Family values
As if the Tories weren’t in enough trouble, a team of academics has come up with another reason why the party may never regain power. Researchers studied the link between marriage and voting. Across the Western world there has been steady growth in the number of single, divorced and cohabiting women as marriage rates fall and divorces rise. And unmarried women appear less likely to support rightwing parties like the Tories than their married counterparts. (By contrast, men’s votes appear unrelated to marital status.)
The US-based research team believes it has detected a link between election results and the change in women’s lives over a twenty-year period starting in the 1970s, in Europe and North America. No one is sure of the reason for the link but the shift in the population can only be good for Labour and other parties of the centre-left.
The clever wing of the Tory party recognises the problem. David Willetts has urged his party to embrace the ‘Bridget Jones generation’ of young, single women, and insisted that they are not lost to the Conservative cause – although part of his reasoning was that many of them would settle down to start families eventually.

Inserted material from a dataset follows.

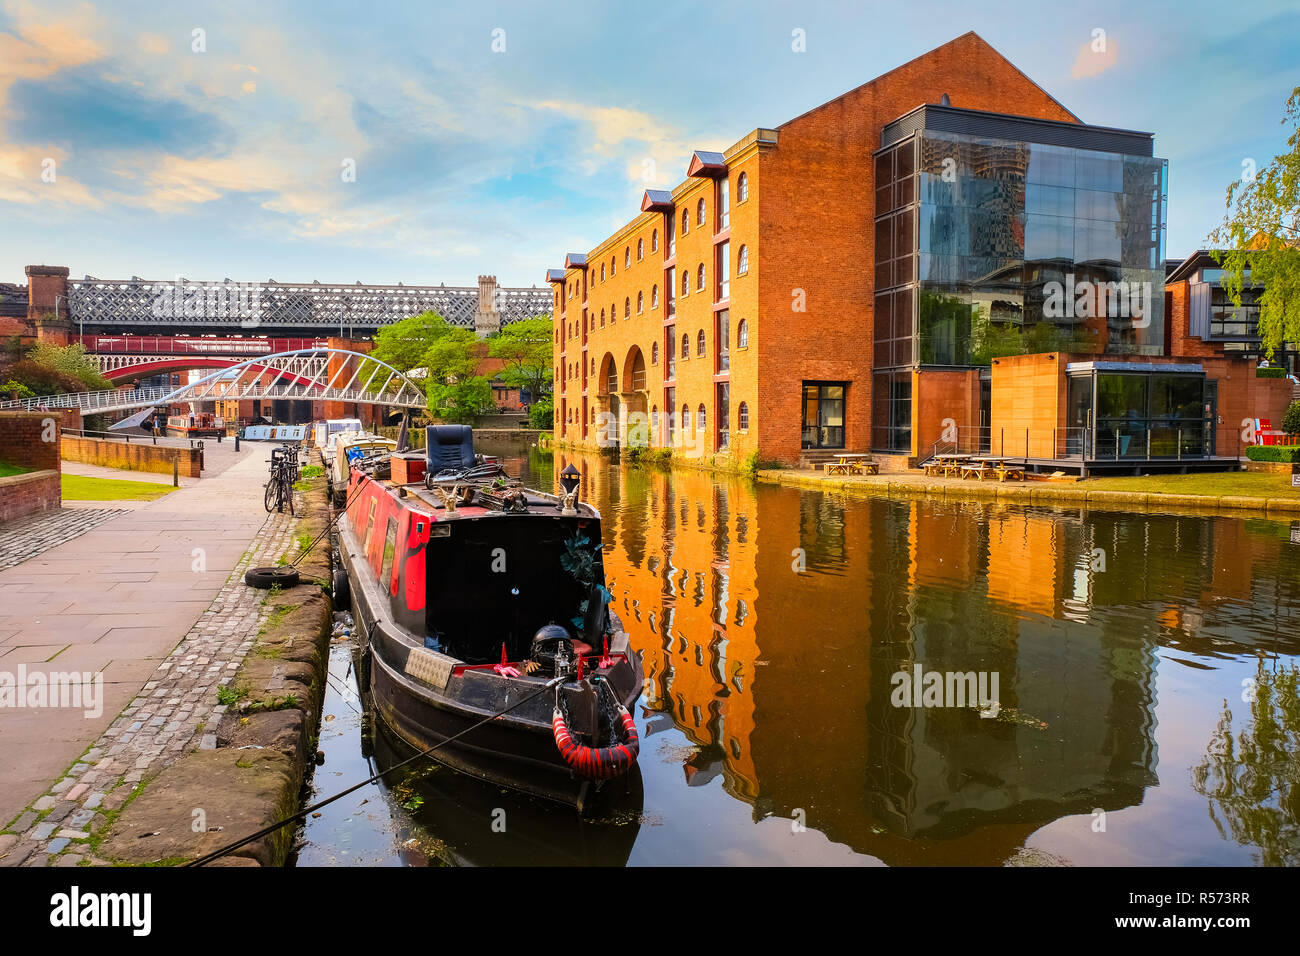 Castlefield, the inner city conservation area which  bounded by the River Irwell, Quay St., Deansgate and the Chester Rd. in Manchester, UK Manchester Stock Photo

But the Tories appear wedded to traditional marriage, to the extent of pledging at the last election to restore the married couples’ tax allowance, scrapped by Gordon Brown.
So Labour politicians should avoid the kind of ‘marriage is best’ generalisations that trip easily off the tongue on Question Time but which alienate many of the party’s natural supporters. Respect for people’s choice of lifestyle must be a central feature of progressive politics.
Which makes Tony Blair’s condemnation of the 1960s all the more bizarre. It was the decade that saw liberalisation of laws and attitudes on divorce, homosexuality, abortion and race relations. Many on the left came into politics to defend the social reforms of the 1960s, that most progressive of decades.
But the Prime Minister considers that ‘a society of different lifestyles spawned a group of young people who were brought up without parental discipline, without proper role models and without any sense of responsibility to or for others.’ If that is the case, why – as he often tells us – has crime fallen over the past seven years?
Many people hanker for a past, often illusory, when people left their doors unlocked and let children play in the streets. Surely it is better to inspire them about the future, as Harold Wilson did in the 1960s, than to feed their fears. Maybe the PM will use his conference speech to explain exactly what he does not like about the 1960s. I hope not. I can’t see it being a vote-winner.
Terrorsim.
The threat of a terrorist attack hangs over the next election. While our security services do all they can to head off the danger, the problem for the government is what to tell the public. When David Blunkett talks about the extreme danger we face, or stations tanks at Heathrow, he is accused by critics on right and left of hyping up the threat to scare people into voting Labour.
Now senior parliamentarians on the Joint Human Rights Committee have taken up the theme. They want an independent inquiry into whether terrorism genuinely poses a real and present danger. The MPs and peers raised the question as they demanded the lifting of emergency laws that are keeping twelve foreign terrorist suspects locked up without trial at Belmarsh prison.
The timing of their report, during parliament’s summer recess, ensured minimal political reaction. But the issue of what to tell the public about terrorism is critical. The theory that doom-laden warnings are being used to scare the public into the Labour fold appears far-fetched. If a minister was caught playing politics with unnecessary alerts, it would be a sacking offence. Surely a worse risk is that an atrocity occurs and it emerges that ministers were warned, but failed to tell the public.
As we saw after the Bali bomb – Australia had passed on a warning of sorts to its citizens, Britain hadn’t – the public wants to know that information is being shared, even if it is incomplete. The government is right to increase the spooks’ budget to try to avert an attack, and right to scare the public when there is just cause.